Ethical Research Involving Children

Passive or Active Consent

I am conducting fire research in primary schools looking specifically at evacuation. This involves observing and recording on camera, fire drills which are conducted in the schools. The videos are then analysed to provide data on evacuation dynamics. I will have no active role in the evacuations as the teachers shall remain in control of each class throughout and they will conduct the drill in accordance with school procedures.
As the research is non-evasive and defined as less than minimal psychological and physical risk I am proposing the passive consent method. This would be in accordance with school policy for the use of photographs taken at school events, etc. All gatekeepers are happy with my approach

This has been questioned by my ethics committee who are looking for active consent.
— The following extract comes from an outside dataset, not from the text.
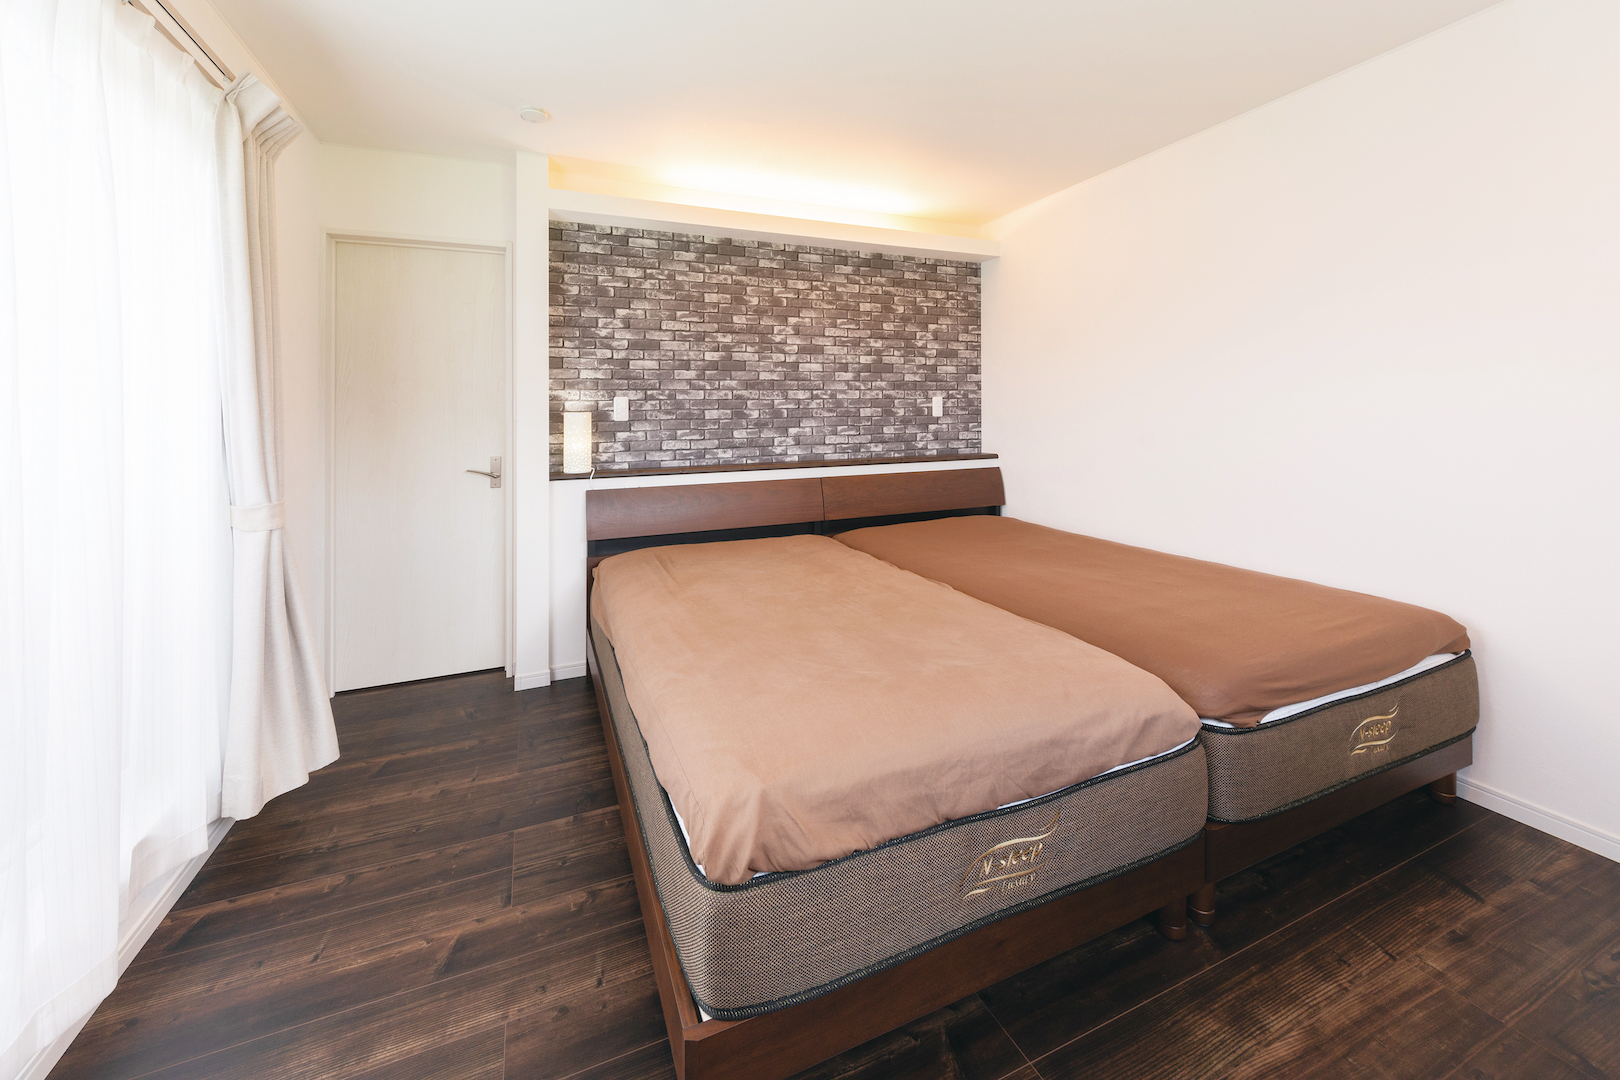 irohaco (アヴァンス)【1000万円台、間取り、インテリア】枕元には照明のスイッチをそれぞれに配置。どちらかが寝ていても起こすことなくON/OFFができる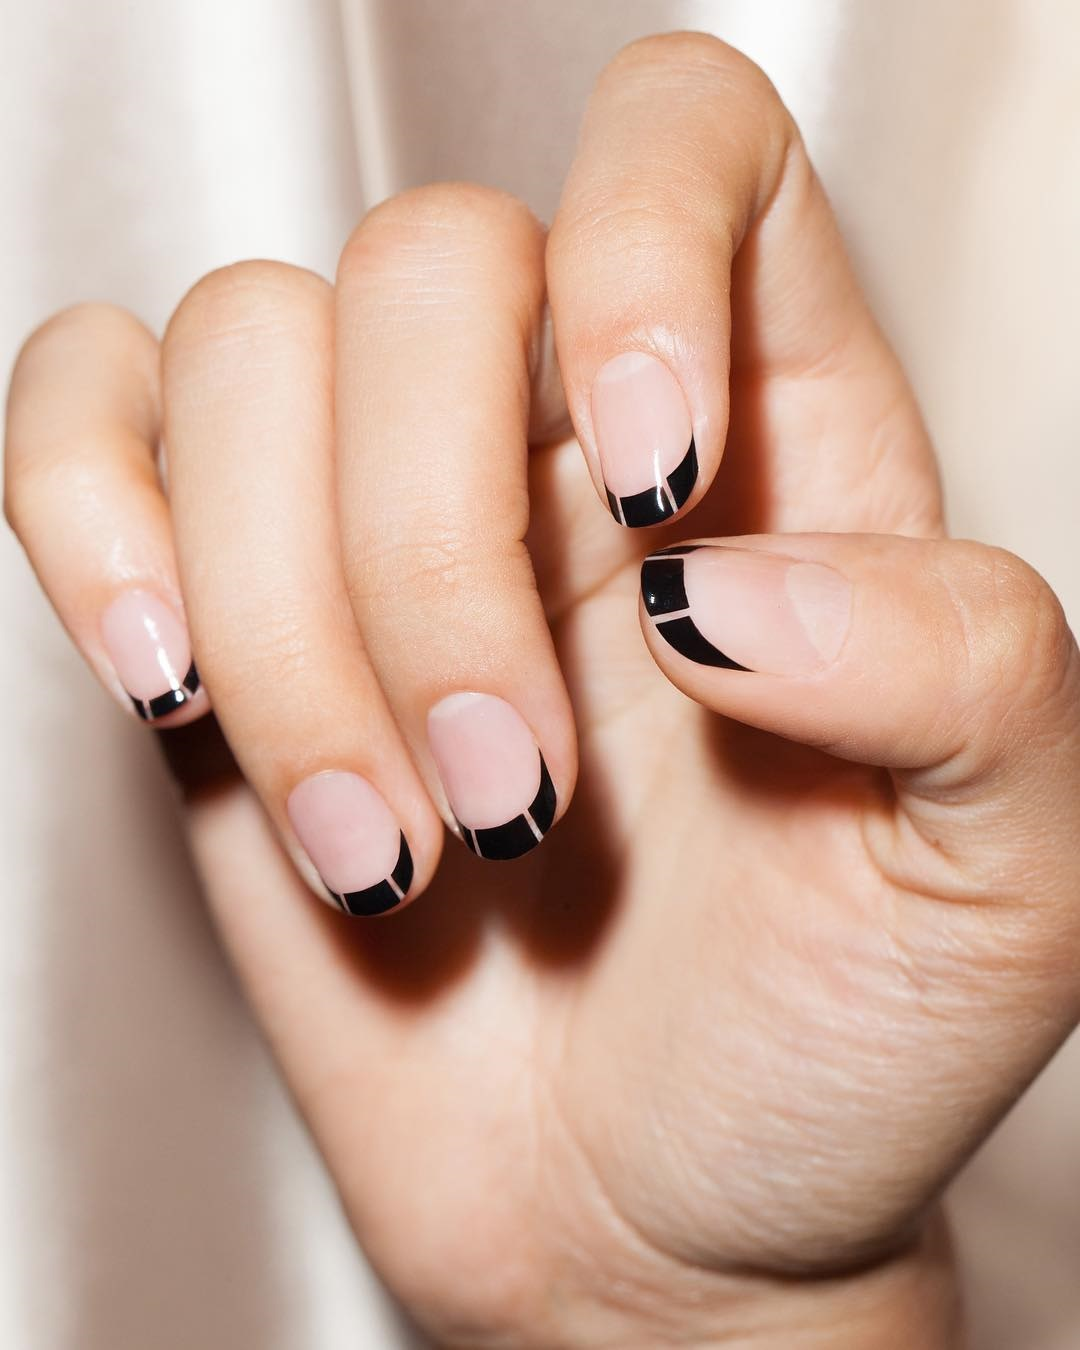 màu sơn móng tay đen thanh lịch

The big problem being that return rates for active consent in schools could be lower than 50% and will present a significant administration burden to the schools who have provided access by good will.

All comments are welcome.

Comments

  • eric

    July 22, 2015

    Thanks for posing this question to the Forum. Consent remains one of the most heavily debated topics in research involving children. Informed, active consent is usually recommended. However, in your context it will clearly be very difficult to observe typical fire evacuation procedures if you are only able to observe a small number of pupils. And as you note, your research would generally be considered low risk to participants, provided any video footage is gathered viewed, stored and destroyed respectfully and securely. Perhaps your Ethics Review Board is asking you simply to more fully justify your choice of passive consent to ensure you have fully considered the ethical implications (rather than just the practical implications)? You could look over the Informed Consent and Getting Started sections of the ERIC compendium for further advice. These might also act as a useful tool for further discussion with your Ethics Review Board.

  • Julia Truscott

    August 1, 2015

    Another way you could perhaps try to approach this, which helps to honour the UN convention on the rights of the child, might be to seek passive parental consent to approach the children themselves to seek active consent. So create an information sheet for parents about the study with an ‘opt-out’ form. At school, ahead of time and / or on the day of the research, you would then discuss the study with each class and seek active verbal or written consent from all children whose parents have not ‘opted out’. What do others think?